(DATA LISTING):
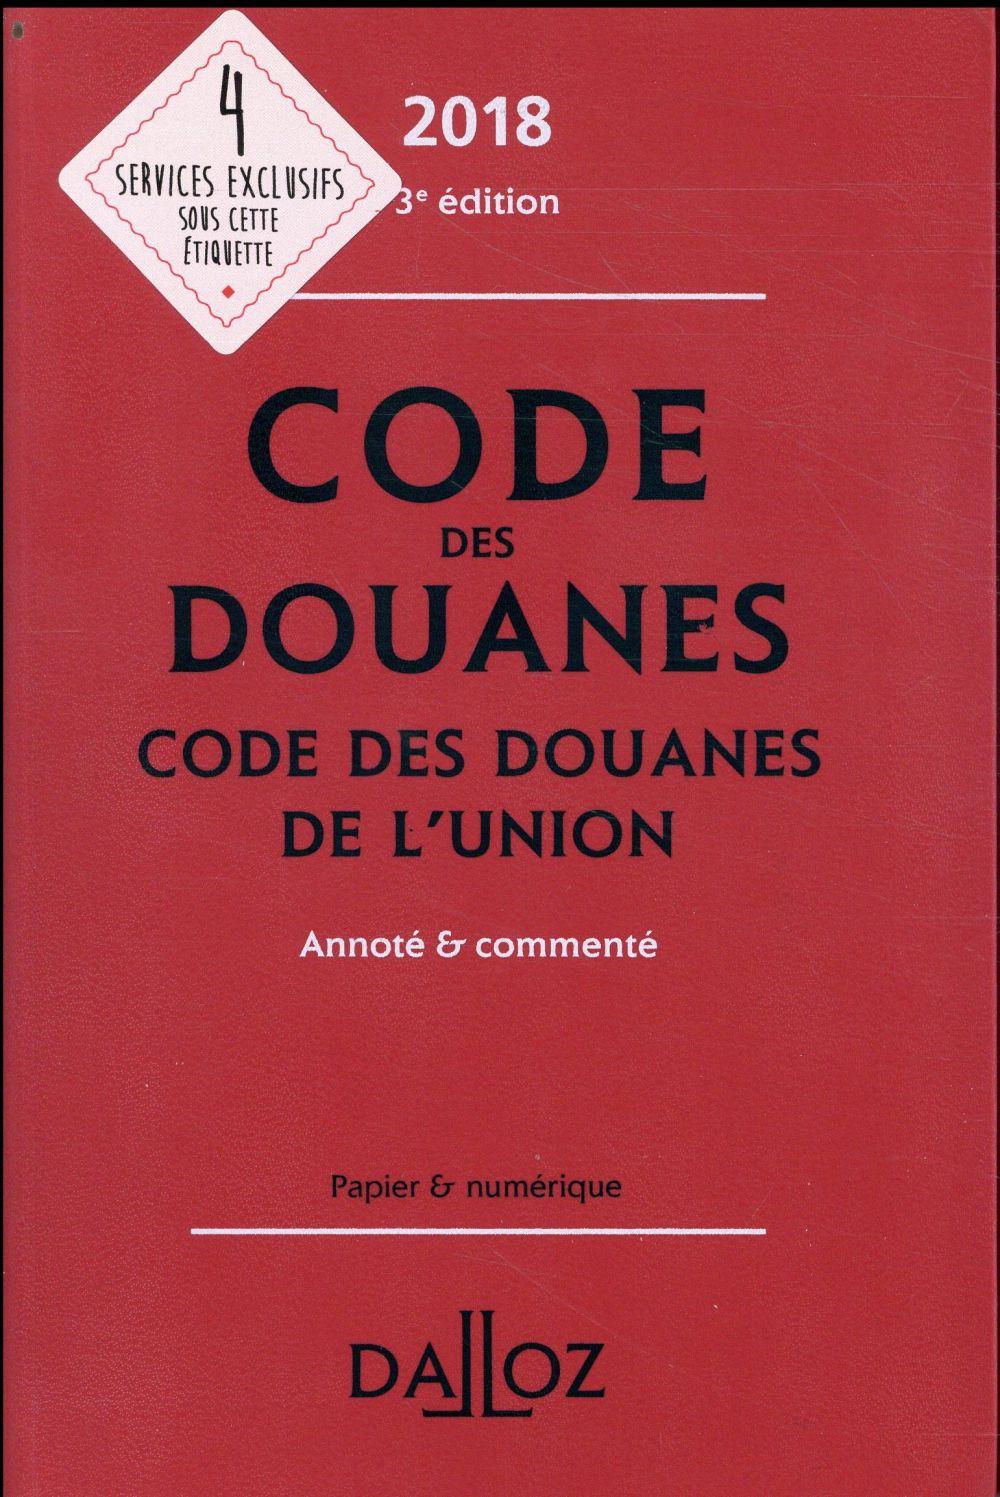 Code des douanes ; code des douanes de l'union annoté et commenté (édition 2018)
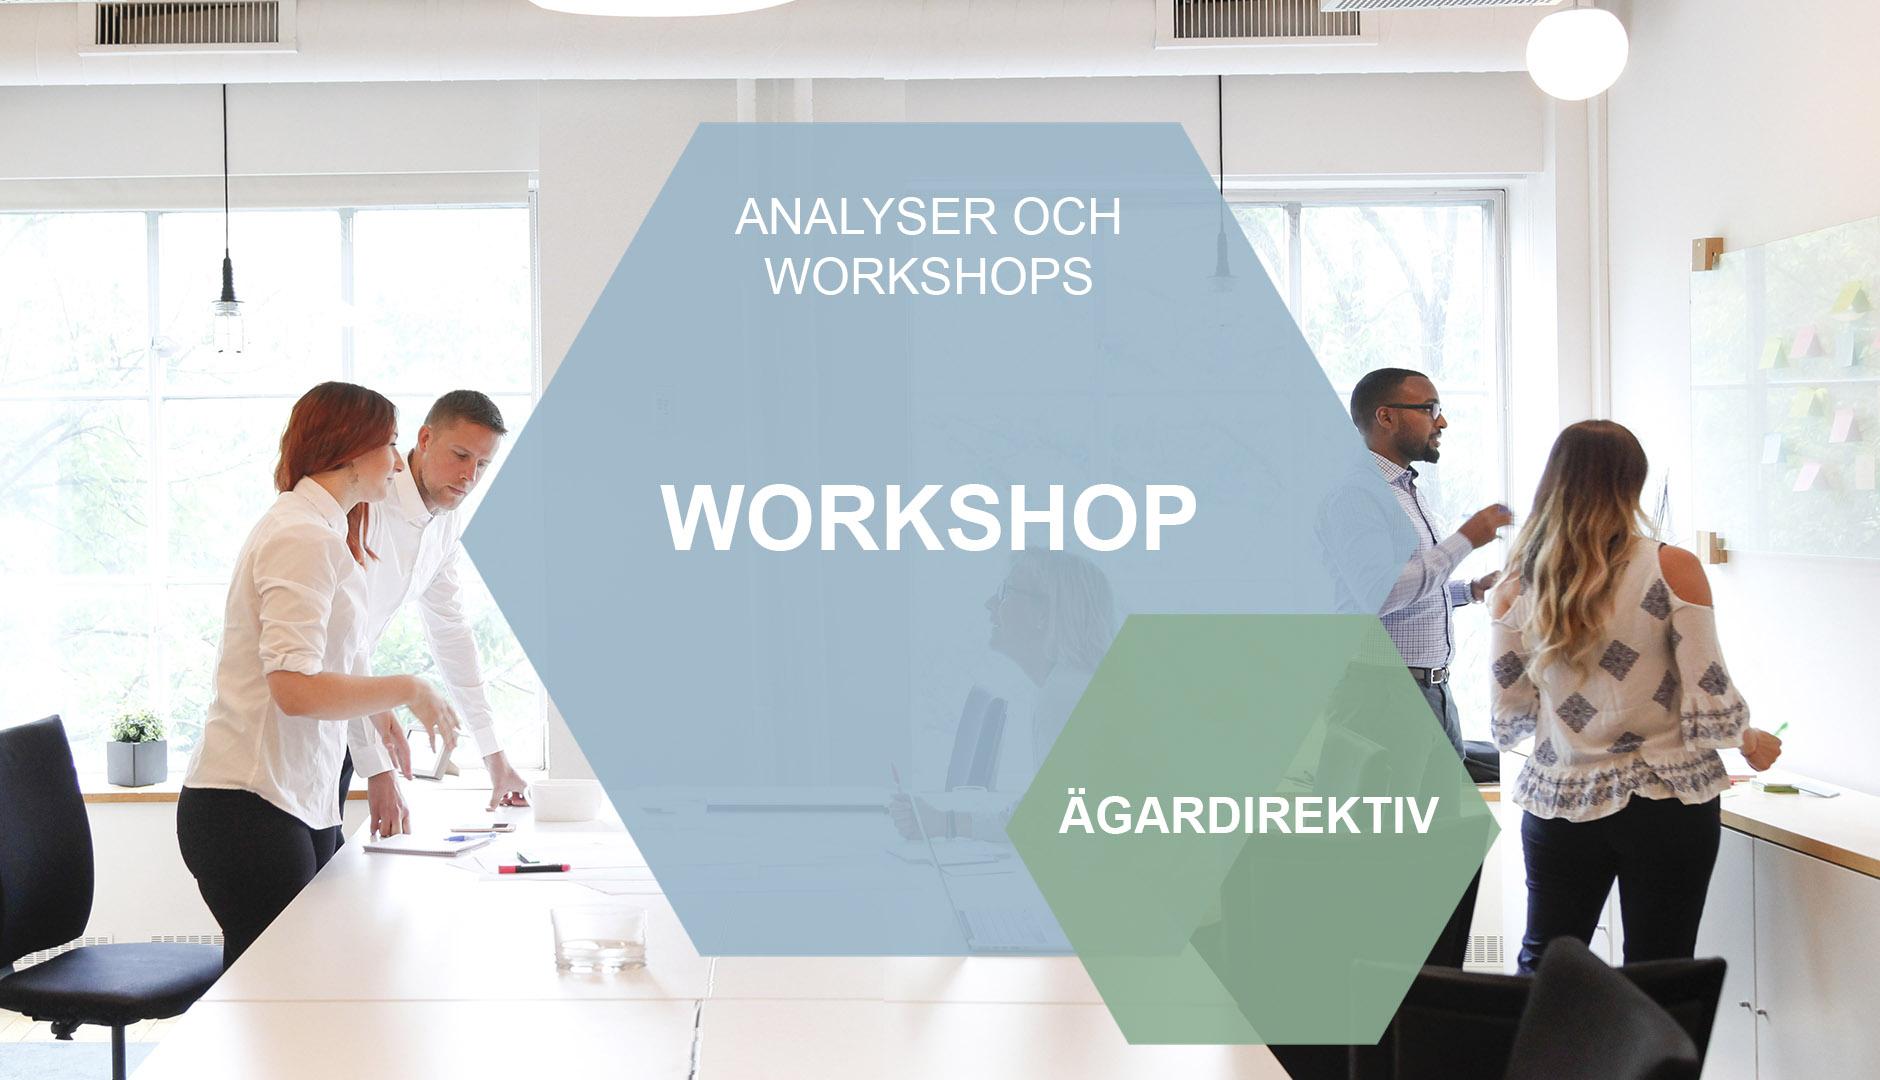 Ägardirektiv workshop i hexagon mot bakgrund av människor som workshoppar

---

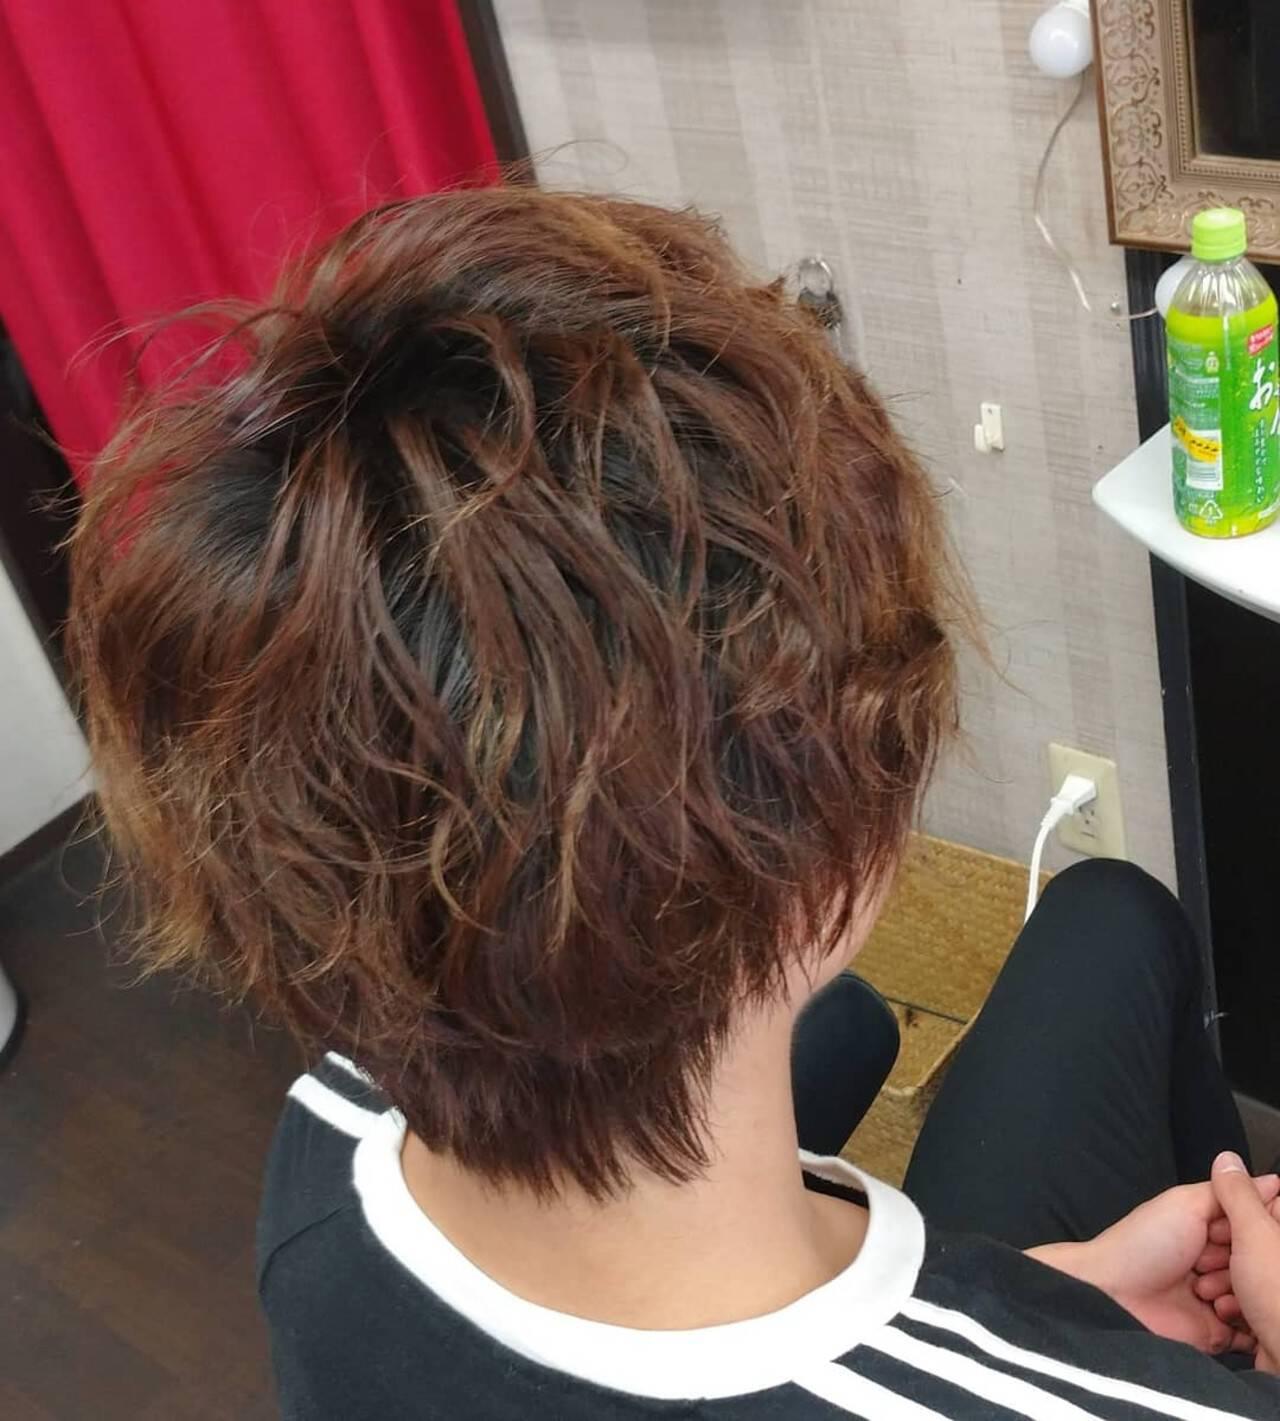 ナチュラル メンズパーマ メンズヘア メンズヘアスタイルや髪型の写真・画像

(WORK TO COMPLETE):
Treat the line with "Code des douanes ;" as the start and the line with "Ägardirektiv workshop i" as the end, and return exactly that span of the data above, both ends included, without pictures.

(EXPECTED ANSWER):
 Code des douanes ; code des douanes de l'union annoté et commenté (édition 2018)
 Ägardirektiv workshop i hexagon mot bakgrund av människor som workshoppar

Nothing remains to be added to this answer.